In the output layer of wNN, the input matrix and the output matrix are \( {net}_j^{-1} \) and \( {O}_j^{-1} \) respectively, and the predicted result of wCwNN is \( {\hat{y}}_n \). \( {O}_j^{-1} \) and \( {\hat{y}}_n \) can be calculated by Eq. (45) to Eq. (47):

$$ {net}_k^{-1}={\sum}_{j=1}^{size^{-2}}\left({O}_j^{-2}\cdotp {w}_{kj}^{-1}+{b}_k^{-1}\right),\kern1.9em k=1,2,\dots, {size}^{-1} $$

(45)

$$ {O}_k^{-1}=F\left({net}_k^{-1}\right)=\mathrm{sigmoid}\left({net}_k^{-1}\right)=\frac{1}{1+{e}^{-{net}_k^{-1}}},\kern2.5em k=1,2,\dots, {size}^{-1} $$

(46)

$$ {\hat{y}}_n={O}^{-1} $$

(47)

5.2.2 Back propagation of wCwNN

In wNN, the back propagation of input errors (\( {\delta}_i^{-3} \) in the output layer, \( {\delta}_j^{-2} \) in the hidden layer and\( {\delta}_k^{-1} \) in the input layer) can be calculated as Eq. (48) to Eq. (50).

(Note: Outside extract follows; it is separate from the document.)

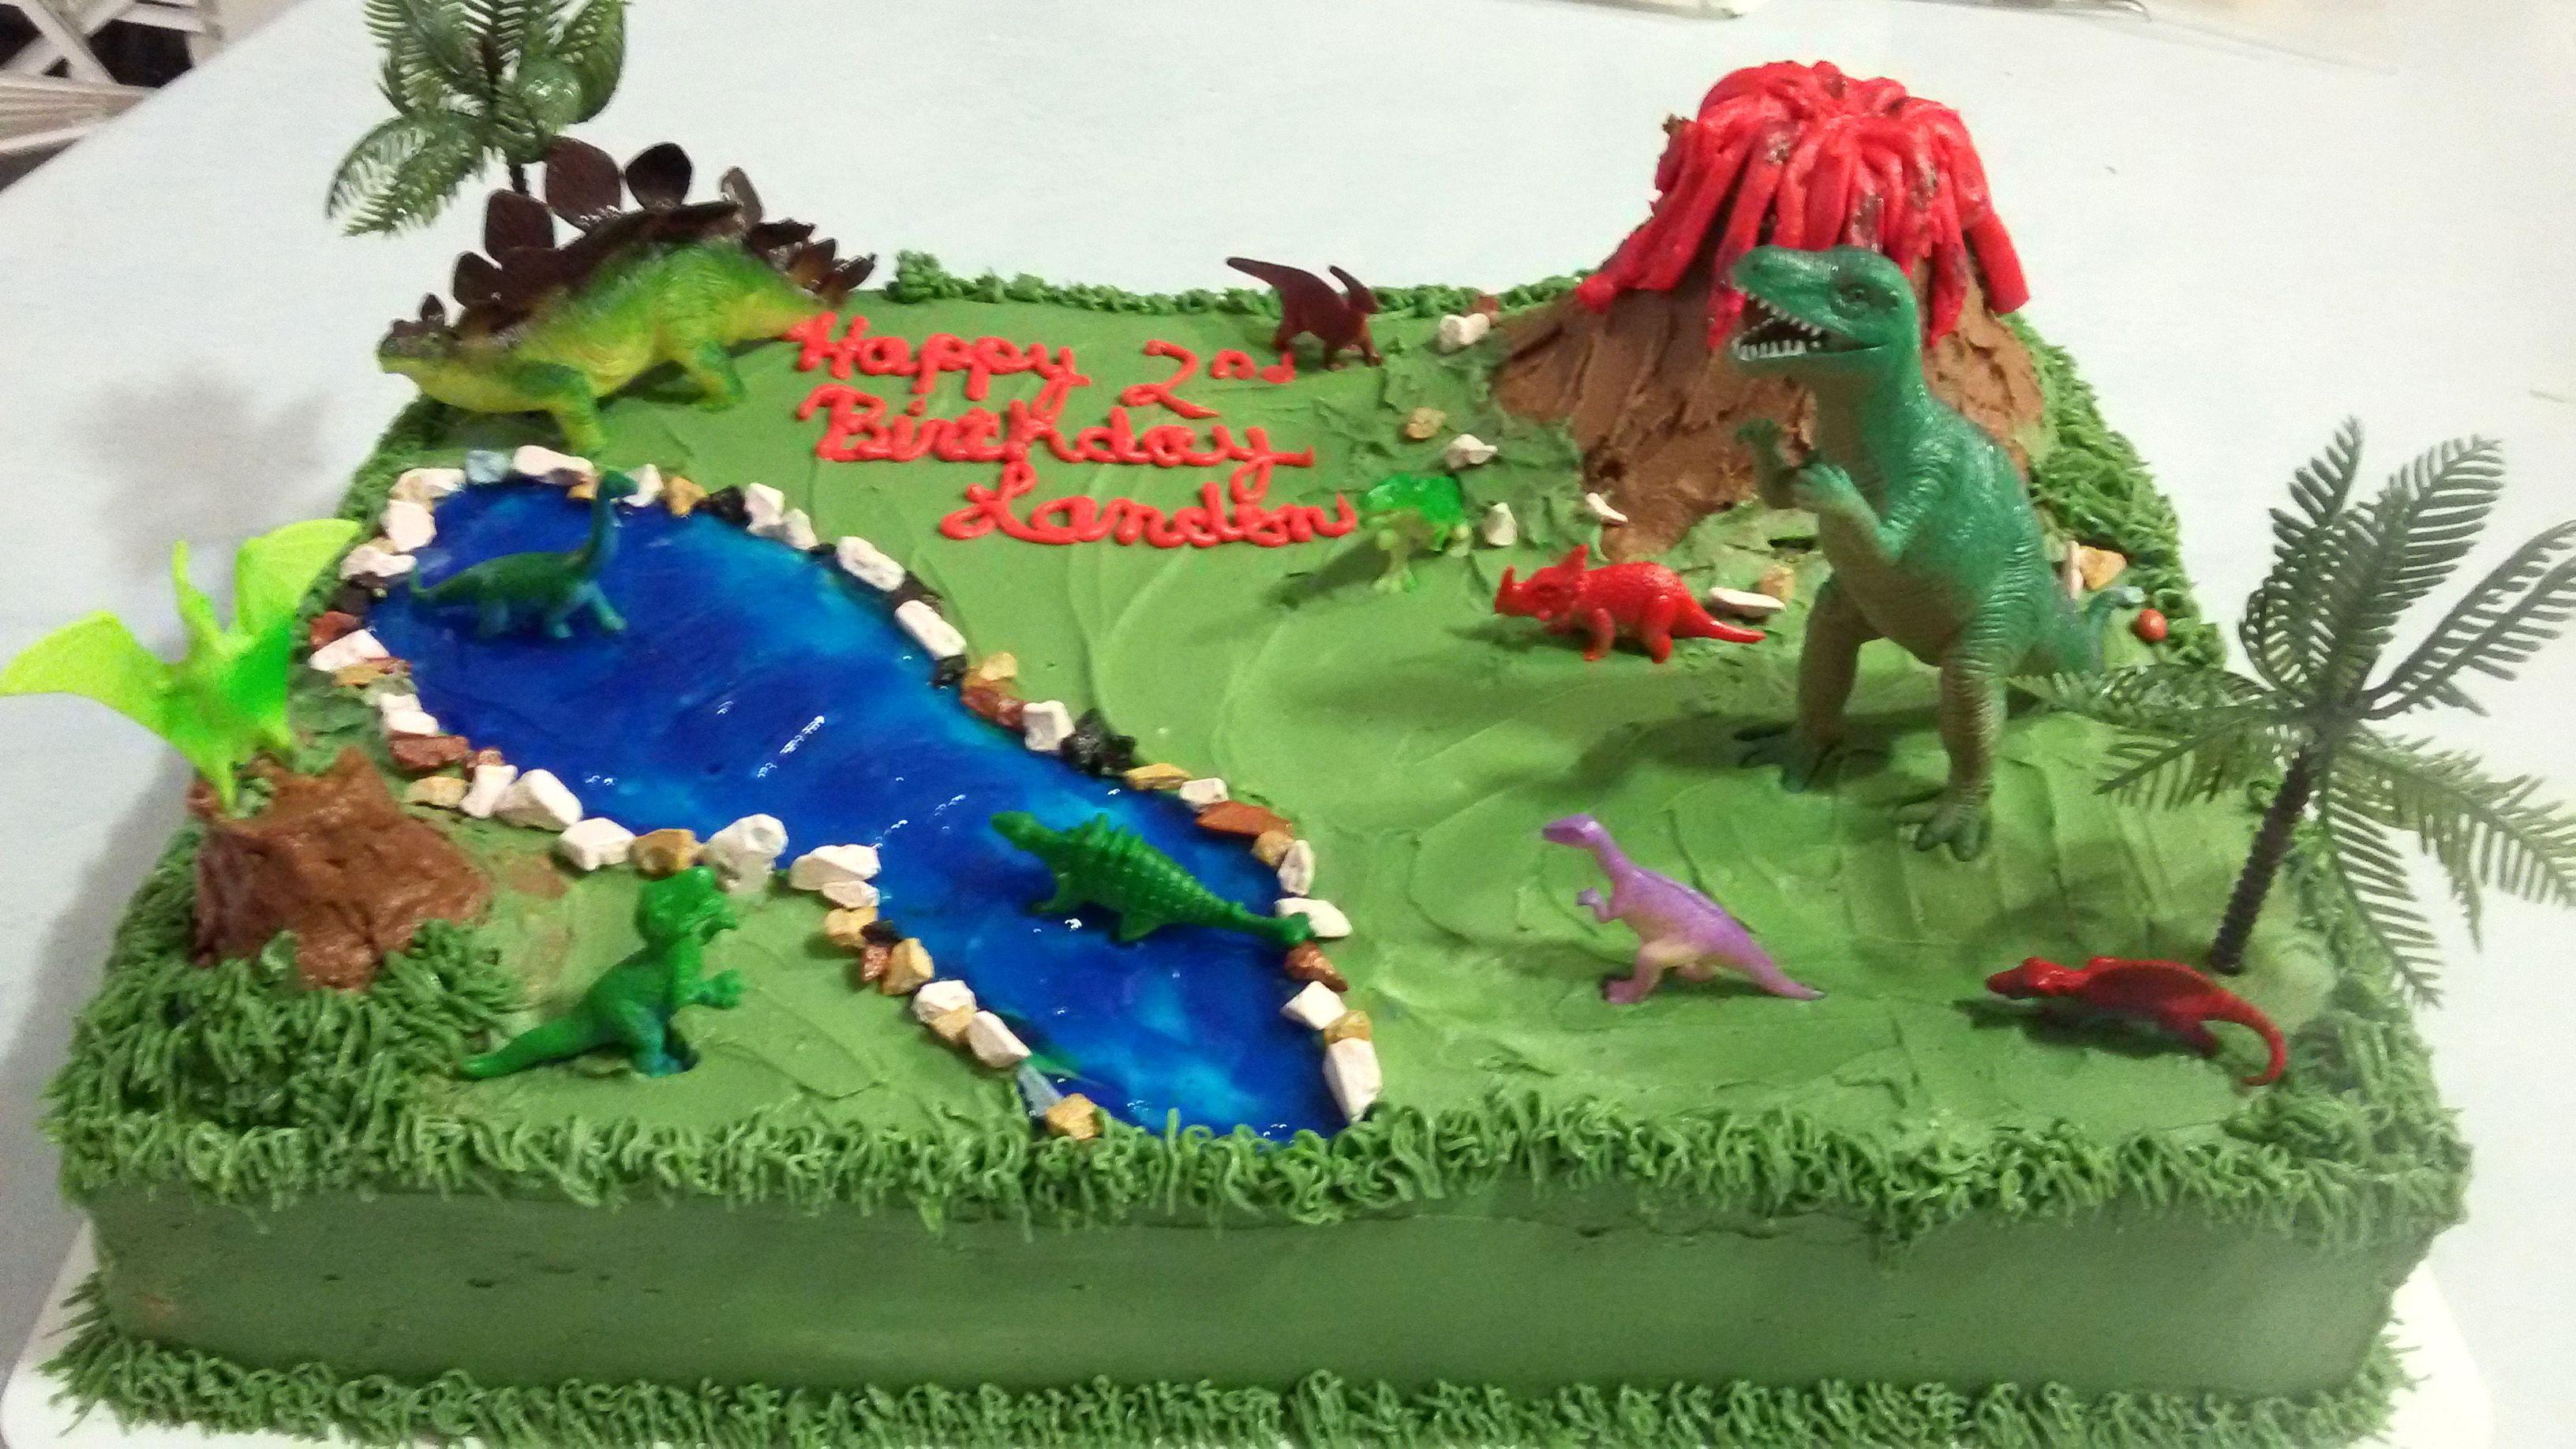 Dinosaurs 1 2 Sheet Cake 1 2 Chocolate W Banana Cream Filling 1
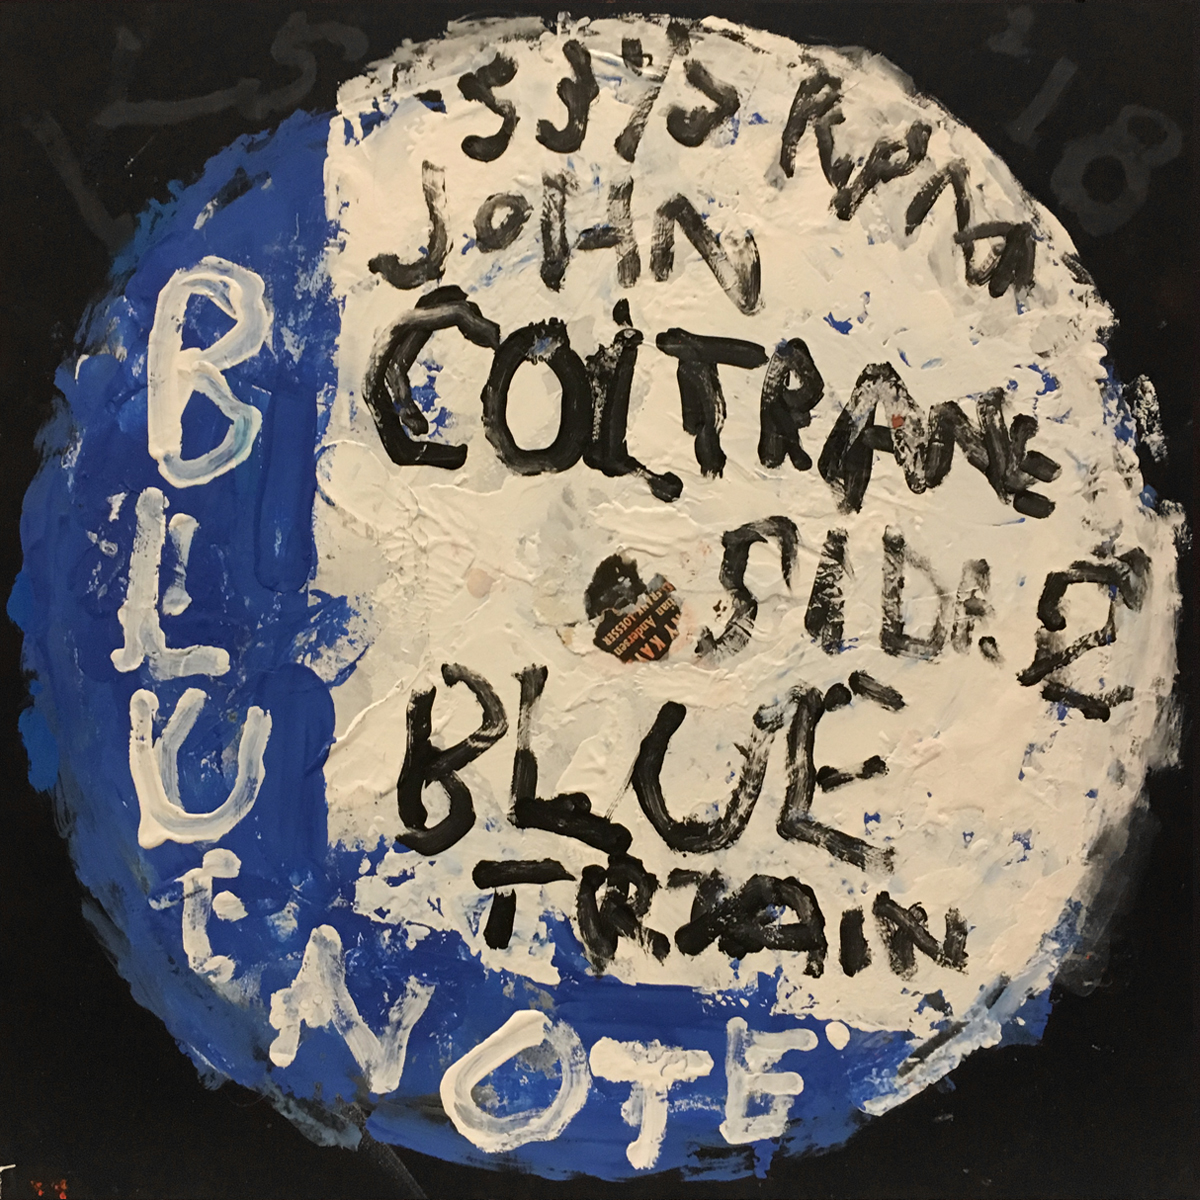 John Coltrane / Blue Train

$$ {\updelta}_k^{-1}=\frac{\partial L}{\partial {net}_k^{-1}}=\frac{1}{N}\sum \limits_{n=1}^N\left({\hat{y}}_n-{y}_n\right)\left(1-{net}_k^{-1}\right){net}_k^{-1},\kern2em k=1,2,\dots, {size}^{-1} $$

(48)

$$ {\updelta}_j^{-2}=\frac{\partial L}{\partial {net}_j^{-2}}=\frac{\partial L}{\partial {net}_k^{-1}}\cdotp \frac{\partial {net}_k^{-1}}{\partial {O}_j^{-2}}\cdotp \frac{\partial {O}_j^{-2}}{\partial {net}_j^{-2}}=\frac{1}{bc^{-2}}\sum \limits_{k=1}^{size^{-1}}{\updelta}_k^{-1}\cdotp {\Psi}^{\prime \left(\frac{net_j^{-1}-{ac}^{-2}}{bc^{-2}}\right)}\cdotp {w}_{kj}^{-1},\kern2em j=1,2,\dots, {size}^{-2} $$

(49)

$$ {\updelta}_{mn}^{-3}={\updelta}_i^{-3}=\frac{\partial L}{\partial {net}_i^{-3}}=\frac{\partial L}{\partial {O}_i^{-3}}=\frac{\partial L}{\partial {net}_j^{-2}}\cdotp \frac{\partial {net}_j^{-2}}{\partial {O}_i^{-3}}=\sum \limits_{j=1}^{size^{-2}}{\updelta}_j^{-2}\cdotp {w}_{ij}^{-2},\kern2.5em i=1,2,\dots, {size}^{-3} $$

(50)

Gradient descent method is applied to adjust the weights (\( {w}_{ij}^{-2} \) and \( {w}_{kj}^{-1} \)) and bias (ac⁻², bc⁻² and \( {b}_k^{-1} \)) of wCwNN. The changed values of the above weights and bias can be calculated by Eq. (51) to Eq. (55).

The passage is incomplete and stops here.